For Mary Wollstonecraft, to borrow another phrase from the 1970s,
the personal was the political, and all her writings used her own experiences to illuminate her ideas. Mary had tempestuous relationships, for she was a mercurial person who could be by turns passionate, domineering, needy, or depressed. Her life resembled a story from the literature of her time—the angst of Rousseau’s Julie: La Nouvelle Héloïse or the melodrama of Goethe’s international best-seller The Sorrows of Young Werther. She was a woman of contradictions who took actions that often seemed at odds with her own radical philosophy. Hard as a diamond, if tapped the wrong way she could shatter. As she wrote when she was thirty-eight, “There is certainly an original defect in my mind, for the cruelest experience will not eradicate the foolish tendency I have to cherish, and to expect to meet with, romantic tenderness.” Few have carried that “defect” as far as Mary Wollstonecraft.
She was born in London on April 27, 1759, a year of military victories for the English that won them Canada and India, making England the most powerful nation on earth. At home, Englishmen were finding new wealth from the heightened economic activity called the Industrial Revolution. Wollstonecraft’s grandfather had earned a fortune as a master weaver and supplier of cloth to the growing textile industry. His son, Mary’s father, heir to two-thirds of the fortune, was a big spender, heavy drinker, and a man of violent temper. According to Godwin, Mary recalled that her mother was “the first and most submissive of his subjects.”

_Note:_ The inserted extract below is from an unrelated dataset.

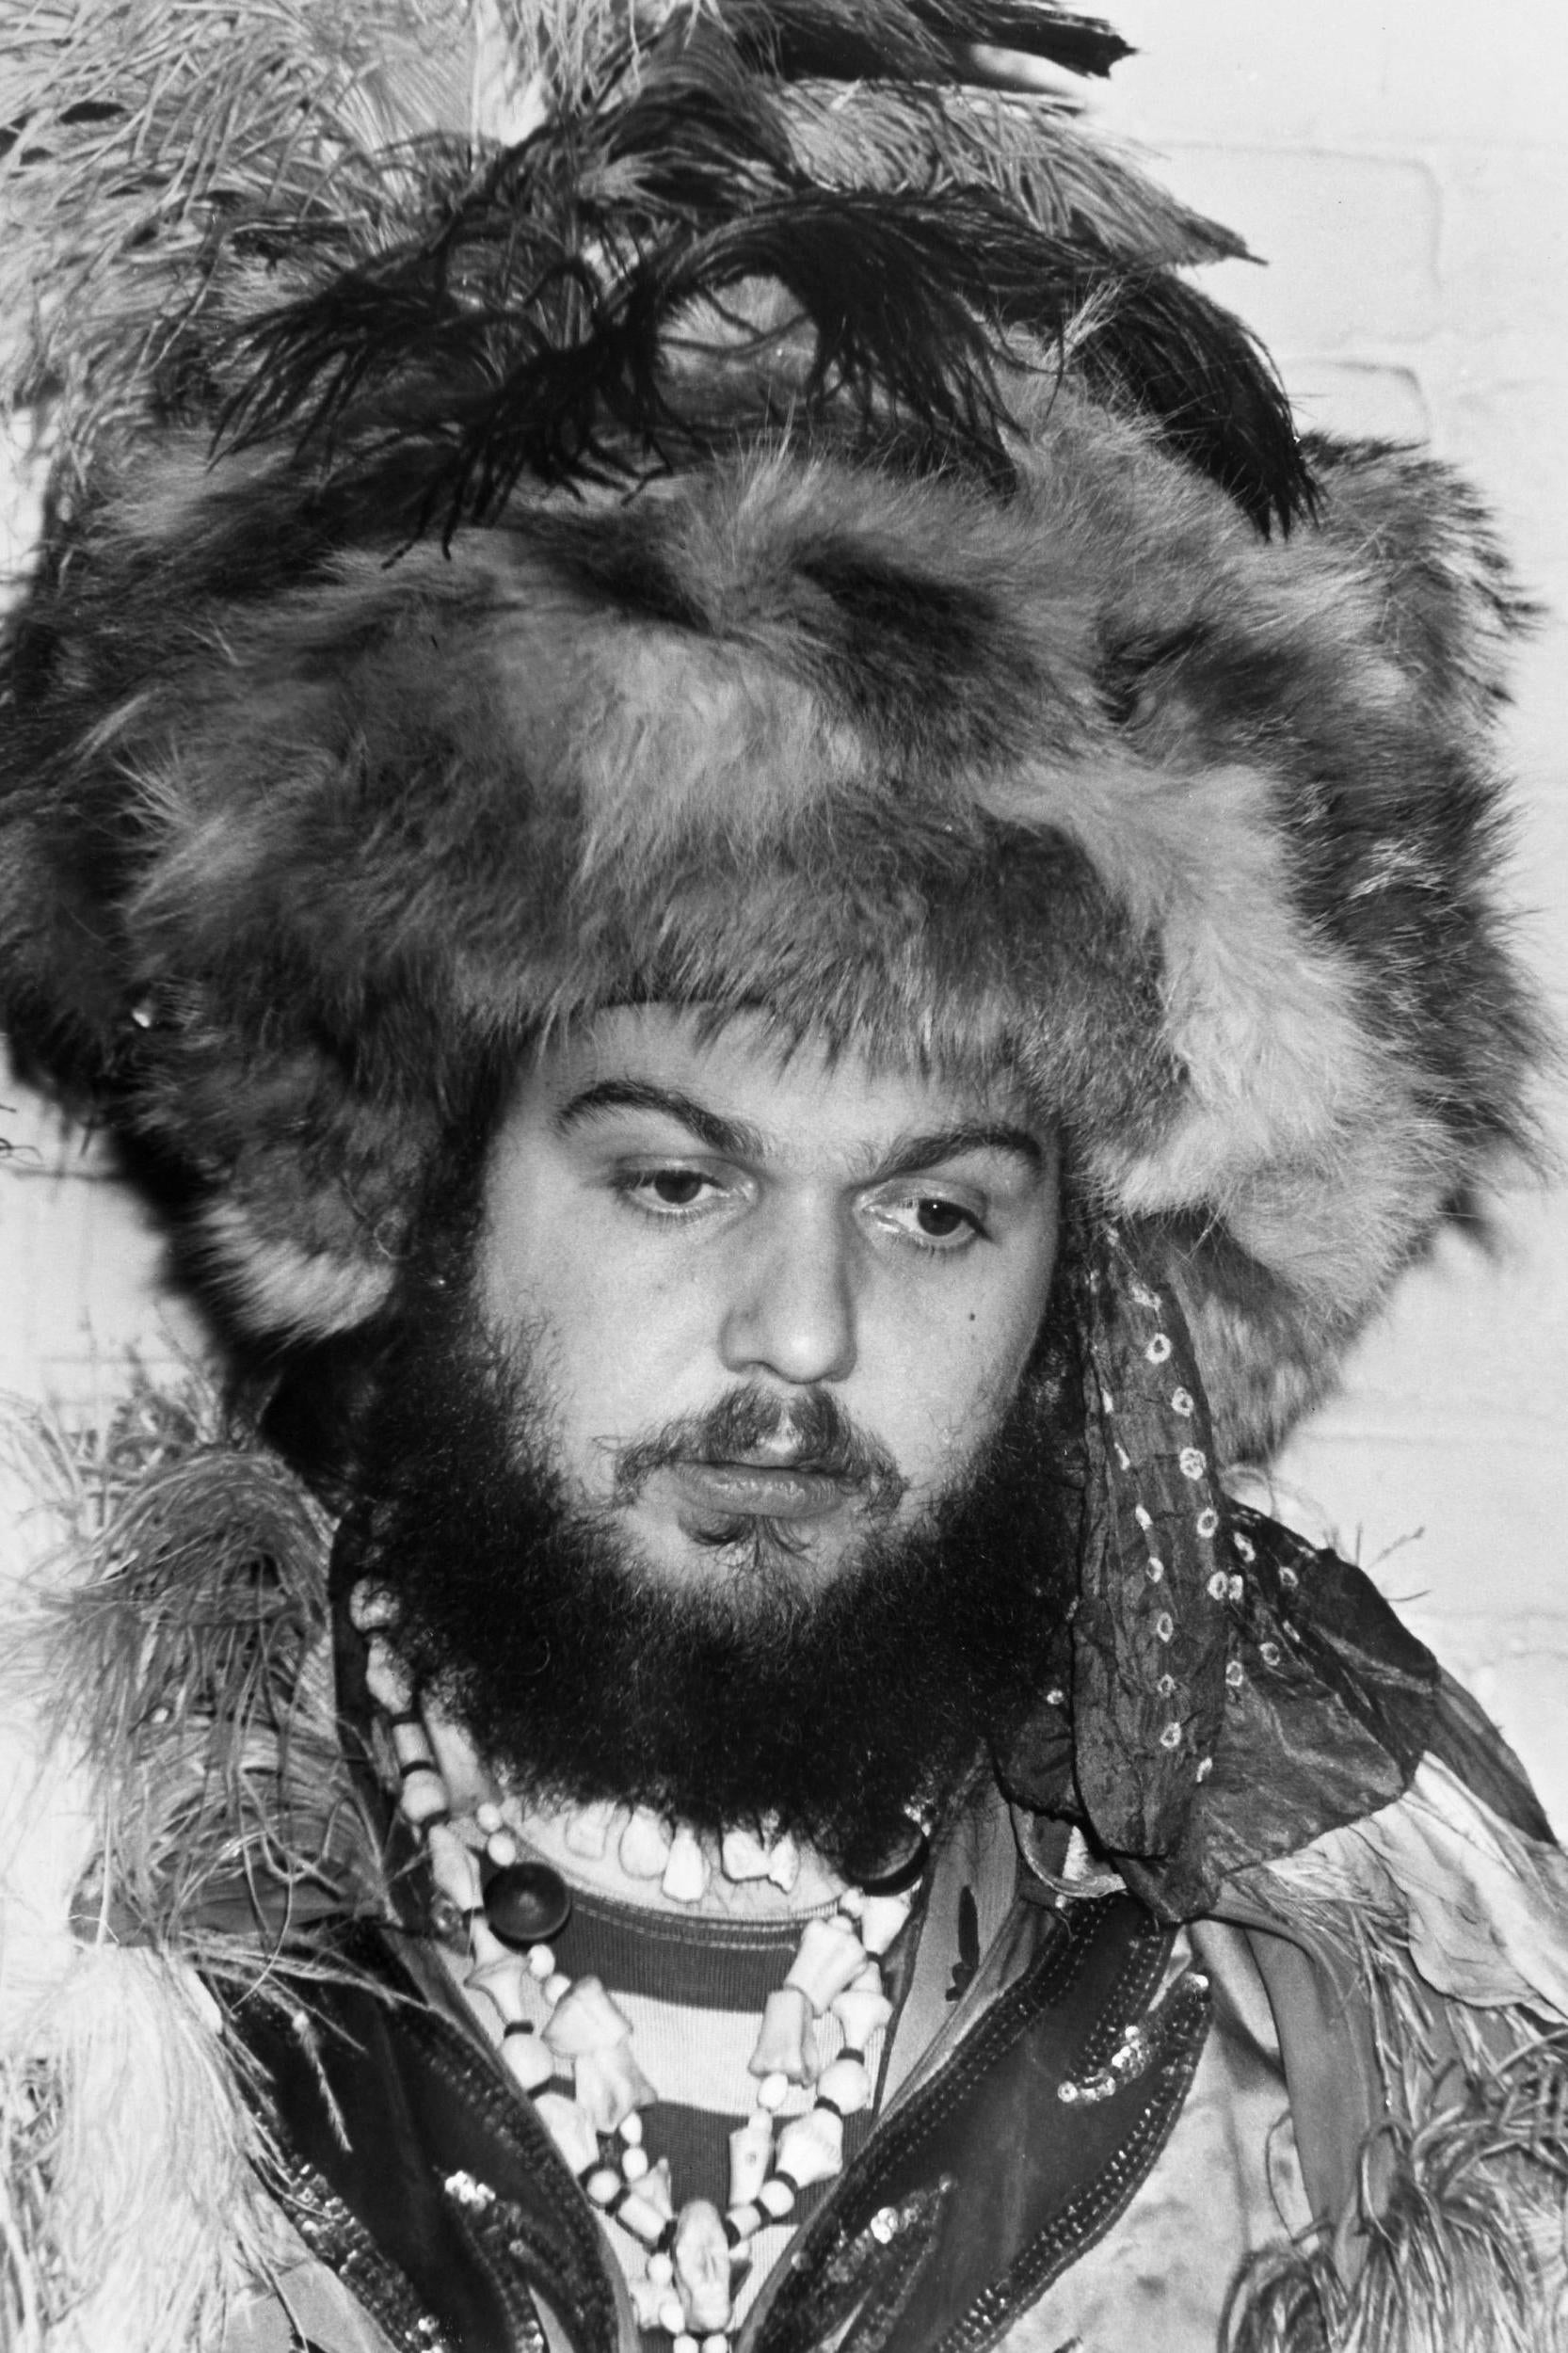 Dr John in signature headdress, feathers, rings and beads (Rex)

Mary had the kind of childhood that could either crush a spirit or rouse it to greatness. The second of six children, she resented the favoritism shown toward her brother Ned, two years older than herself. Ned’s position as the family’s golden child was quite literal, for in his grandfather’s will, he had inherited the other one-third of the estate. Money was not what Mary craved, however. She envied the attention and warmth that her mother, Elizabeth Dickson, bestowed on Ned. A significant factor in Mary’s sibling rivalry was the fact that her mother had breast-fed Ned, while a wet nurse was hired to nourish baby Mary. It isn’t clear how she knew of her deprived condition, but once she did know she considered it a profound fact. As she later wrote, a mother’s “parental affection . . . scarcely deserved the name, when it does not lead her to suckle her children.”